Search code examples
pythonpysparkh2osparkling-water

Sparkling Water - run python script as a Spark Application


I have some trouble with Sparkling Water to run a python script as a Spark Application. I use this command to execute my script on Spark :

./bin/spark-submit \

--packages ai.h2o:sparkling-water-core_2.10:1.5.12 \

--py-files $SPARKLING_HOME/py/dist/pySparkling-1.5.12-py2.7.egg $SPARKLING_HOME/Python/test.py

and I have this falling error :

py4j.protocol.Py4JError: Trying to call a package.

logs :

> Traceback (most recent call last):
  File "/Users/Documents/sparkling-water-1.5.12/Python/test.py", line 5, in <module>
    hc= H2OContext(sc).start()
  File "/Users/Documents/sparkling-water-1.5.12/py/dist/pySparkling-1.5.12-py2.7.egg/pysparkling/context.py", line 72, in __init__
  File "/Users/Documents/sparkling-water-1.5.12/py/dist/pySparkling-1.5.12-py2.7.egg/pysparkling/context.py", line 96, in _do_init
  File "/Users/Documents/spark-1.5.2-bin-hadoop2.4/python/lib/py4j-0.8.2.1-src.zip/py4j/java_gateway.py", line 726, in __getattr__
py4j.protocol.Py4JError: Trying to call a package.
16/04/11 16:58:39 INFO SparkContext: Invoking stop() from shutdown hook
16/04/11 16:58:39 INFO SparkUI: Stopped Spark web UI at http://192.168.181.84:4042
16/04/11 16:58:39 INFO DAGScheduler: Stopping DAGScheduler
16/04/11 16:58:39 INFO MapOutputTrackerMasterEndpoint: MapOutputTrackerMasterEndpoint stopped!
16/04/11 16:58:39 INFO MemoryStore: MemoryStore cleared
16/04/11 16:58:39 INFO BlockManager: BlockManager stopped
16/04/11 16:58:39 INFO BlockManagerMaster: BlockManagerMaster stopped
16/04/11 16:58:39 INFO OutputCommitCoordinator$OutputCommitCoordinatorEndpoint: OutputCommitCoordinator stopped!
16/04/11 16:58:39 INFO SparkContext: Successfully stopped SparkContext
16/04/11 16:58:39 INFO ShutdownHookManager: Shutdown hook called
16/04/11 16:58:39 INFO ShutdownHookManager: Deleting directory /private/var/fold

How can I resolve this issue ? I am following exactly the command from the booklet : https://h2o-release.s3.amazonaws.com/h2o/rel-turan/3/docs-website/h2o-docs/booklets/SparklingWaterVignette.pdf


Solution

  • It's actually a critical bug we know about in Sparkling Water team and it's fixed in a new release with other hotfixes. The bug is already fixed ( https://0xdata.atlassian.net/browse/SW-107) and a new release should be out very soon.
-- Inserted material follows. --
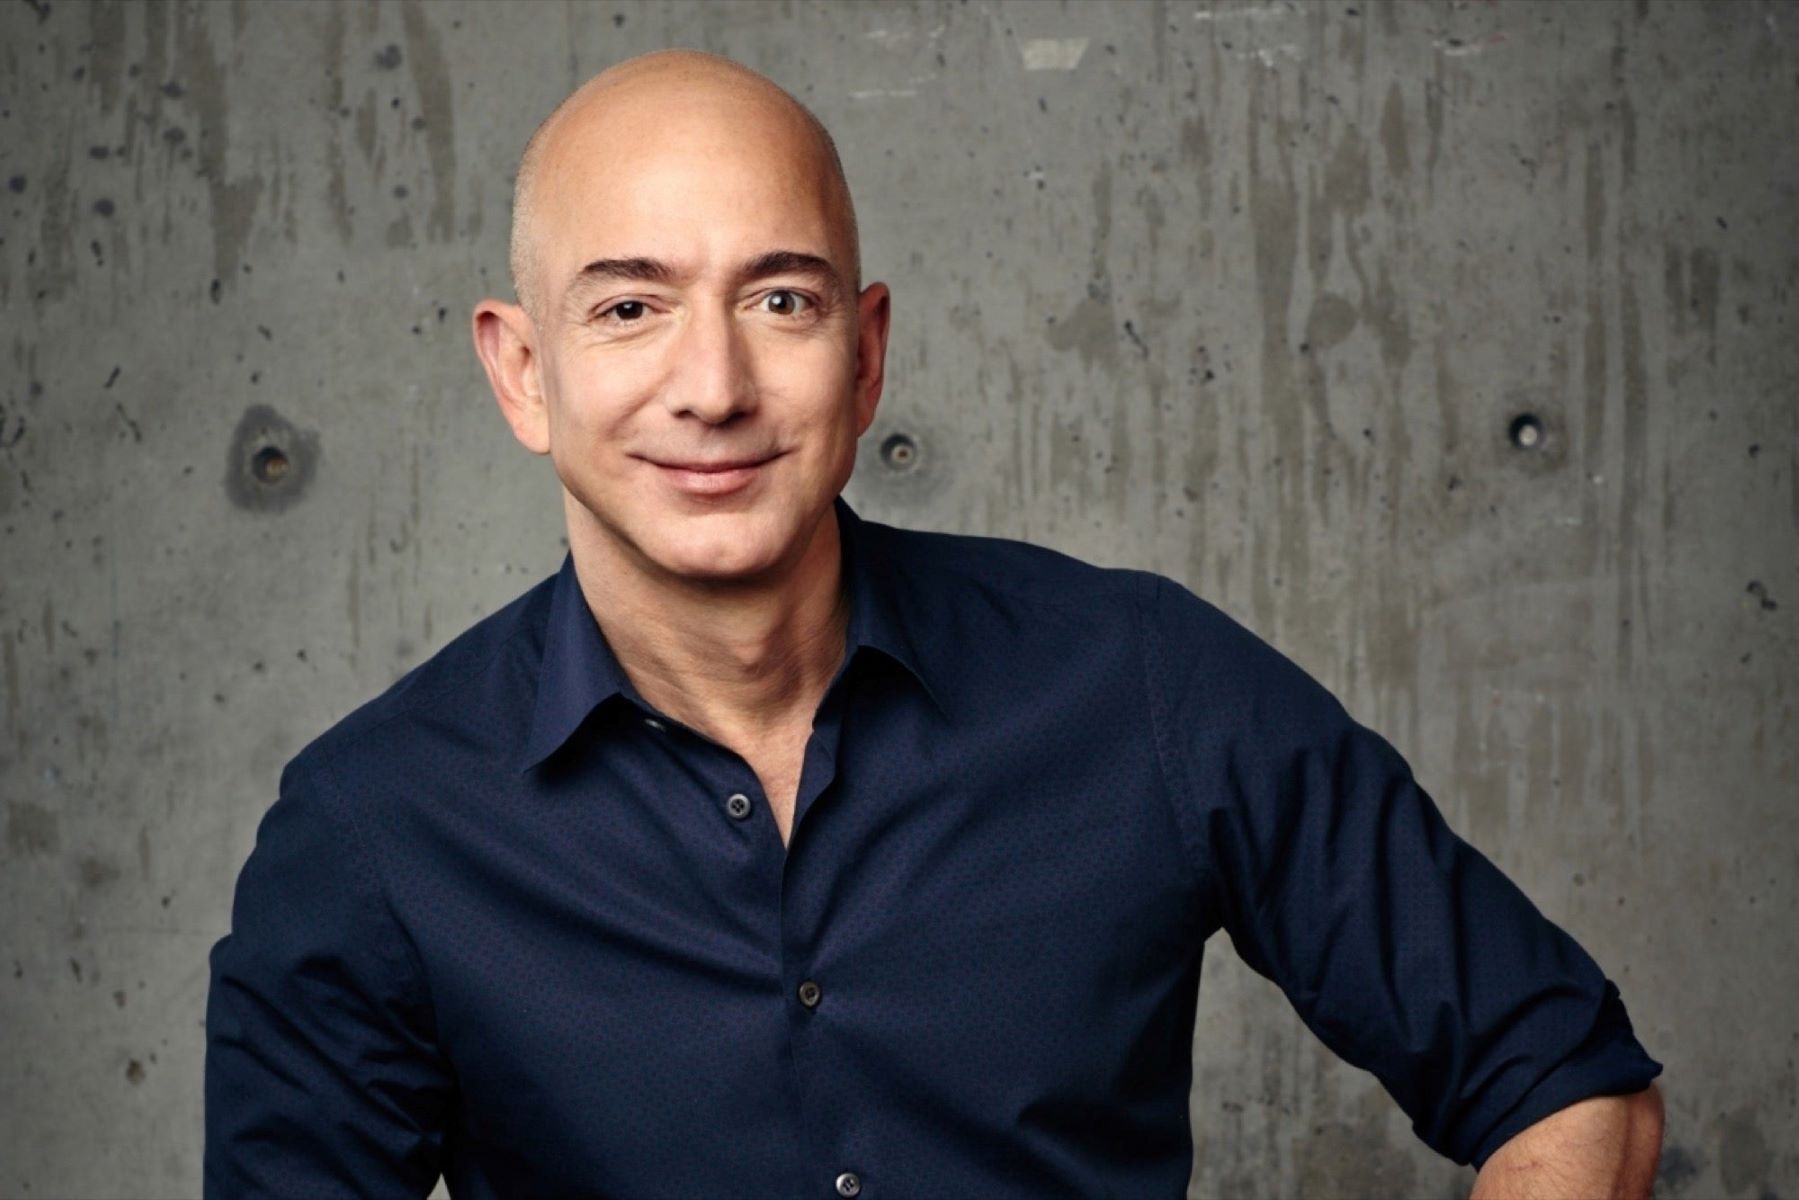 Shocking Revelation: Jeff Bezos’ Jewish Heritage Exposed!

    I'll keep you updated and let you know when new release is out.

    EDITED 29 April 2016

    New release with the fix is out.

    For spark 1.6 - http://h2o-release.s3.amazonaws.com/sparkling-water/rel-1.6/3/index.html

    For spark 1.5 - http://h2o-release.s3.amazonaws.com/sparkling-water/rel-1.5/14/index.html

    You don't need to call -packages any more to add sparkling-water-core. The pySparkling egg file already contains all necessary Java/Scala classes it needs. So all you need to do is just set egg file using the py-files option and that should be it.